State-of-the-art detection running locally on any hardware, fully integrated as a DeepCamera skill.

YOLO26 Models

YOLO26 (Jan 2026) eliminates NMS and DFL for cleaner exports and lower latency. Pick the size that fits your hardware:

Model	Params	Latency (optimized)	Use Case
yolo26n (nano)	2.6M	~2ms	Edge devices, real-time on CPU
yolo26s (small)	11.2M	~5ms	Balanced speed & accuracy
yolo26m (medium)	25.4M	~12ms	Accuracy-focused
yolo26l (large)	52.3M	~25ms	Maximum detection quality

All models detect 80+ COCO classes: people, vehicles, animals, everyday objects.

Hardware Acceleration

The shared env_config.py auto-detects your GPU and converts the model to the fastest native format — zero manual setup:

Your Hardware	Optimized Format	Runtime	Speedup vs PyTorch
NVIDIA GPU (RTX, Jetson)	TensorRT `.engine`	CUDA	3-5x
Apple Silicon (M1–M4)	CoreML `.mlpackage`	ANE + GPU	~2x
Intel (CPU, iGPU, NPU)	OpenVINO IR `.xml`	OpenVINO	2-3x
AMD GPU (RX, MI)	ONNX Runtime	ROCm	1.5-2x
Any CPU	ONNX Runtime	CPU	~1.5x
Google Coral USB Accelerator	Edge TPU `.tflite`	ai-edge-litert + libedgetpu	~4ms flat

Aegis Skill Integration

Detection runs as a parallel pipeline alongside VLM analysis — never blocks your AI agent:

Camera → Frame Governor → detect.py (JSONL) → Aegis IPC → Live Overlay
                5 FPS           ↓
                          perf_stats (p50/p95/p99 latency)

🖱️ Click to setup — one button in Aegis installs everything, no terminal needed
🤖 AI-driven environment config — autonomous agent detects your GPU, installs the right framework (CUDA/ROCm/CoreML/OpenVINO), converts models, and verifies the setup
📺 Live bounding boxes — detection results rendered as overlays on RTSP camera streams
📊 Built-in performance profiling — aggregate latency stats (p50/p95/p99) emitted every 50 frames
⚡ Auto start — set auto_start: true to begin detecting when Aegis launches

📖 Full Skill Documentation →

🔒 Privacy — Depth Map Anonymization

Watch your cameras without seeing faces, clothing, or identities.

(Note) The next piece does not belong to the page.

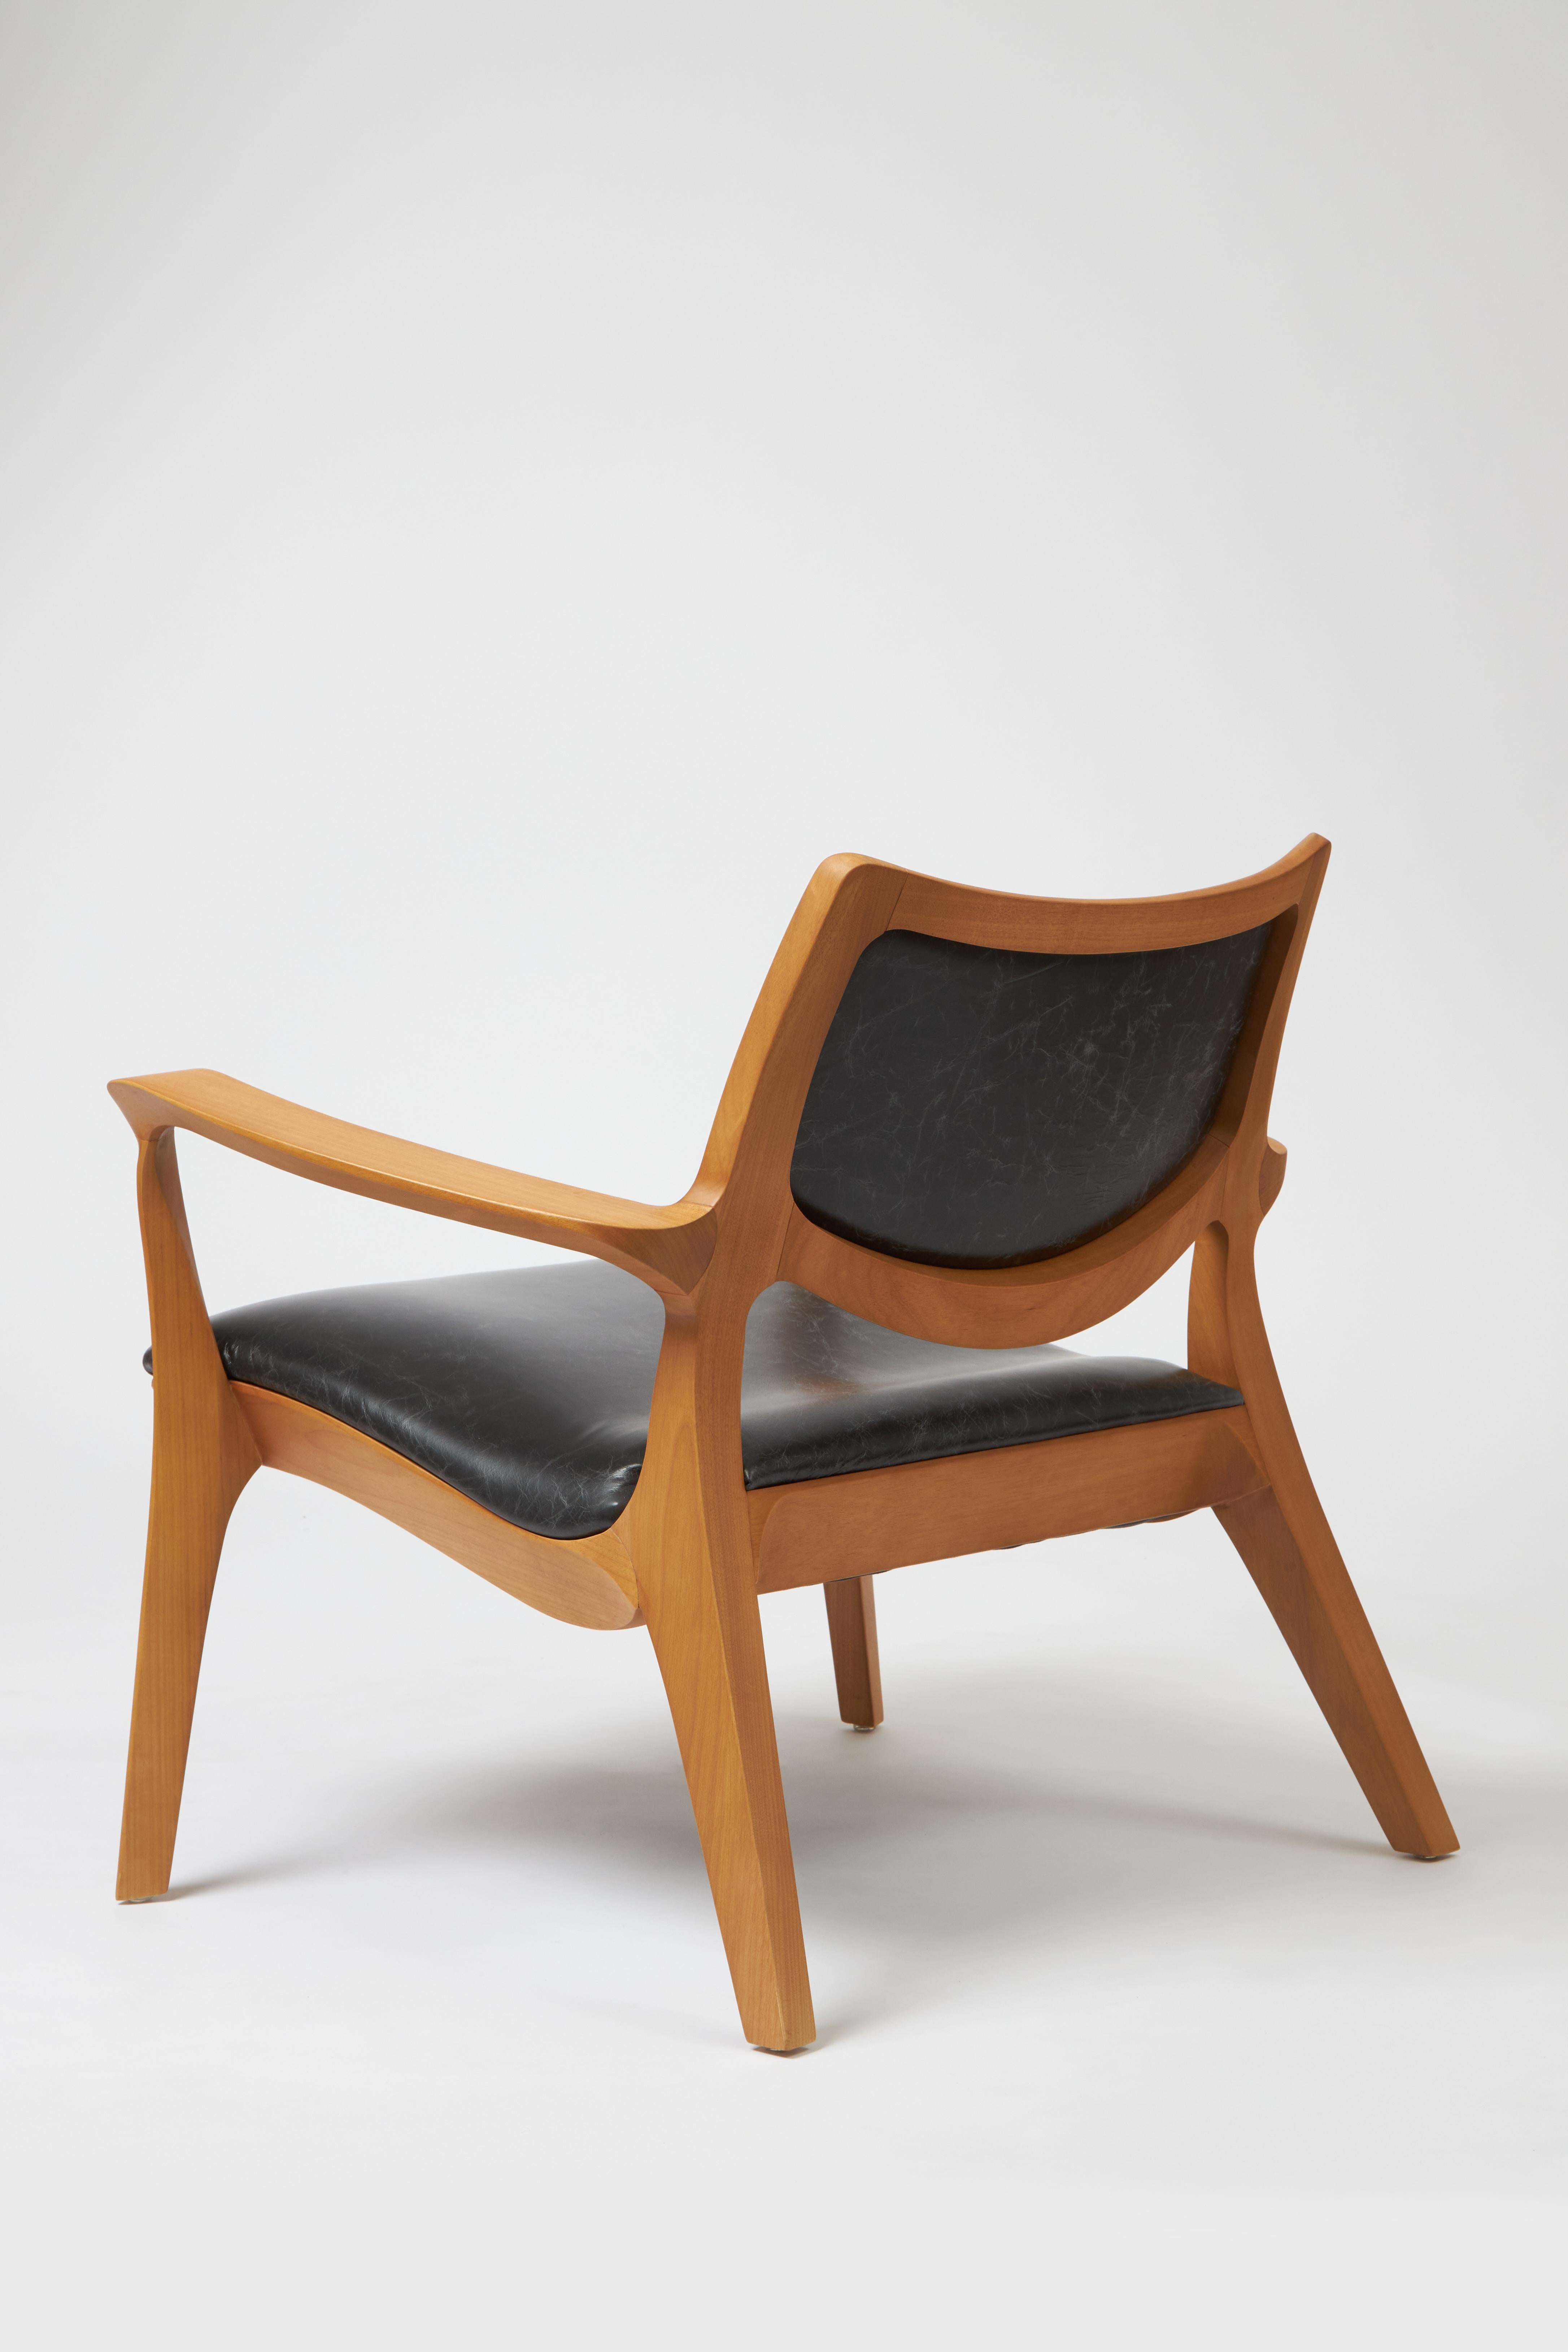 Caning Modern Style Aurora armchair Sculpted in solid wood, leather seat and back For Sale

The depth-estimation skill transforms live feeds into colorized depth maps using Depth Anything v2 — warm colors for nearby objects, cool colors for distant ones.

Camera Frame ──→ Depth Anything v2 ──→ Colorized Depth Map ──→ Aegis Overlay
   (live)          (0.5 FPS)           warm=near, cool=far      (privacy on)

🛡️ Full anonymization — depth_only mode hides all visual identity while preserving spatial activity
🎨 Overlay mode — blend depth on top of original feed with adjustable opacity
⚡ Rate-limited — 0.5 FPS frontend capture + backend scheduler keeps GPU load minimal
🧩 Extensible — new privacy skills (blur, pixelation, silhouette) can subclass TransformSkillBase

Runs on the same hardware acceleration stack as YOLO detection — CUDA, MPS, ROCm, OpenVINO, or CPU.

📖 Full Skill Documentation → · 📖 README →

📊 HomeSec-Bench — How Secure Is Your Local AI?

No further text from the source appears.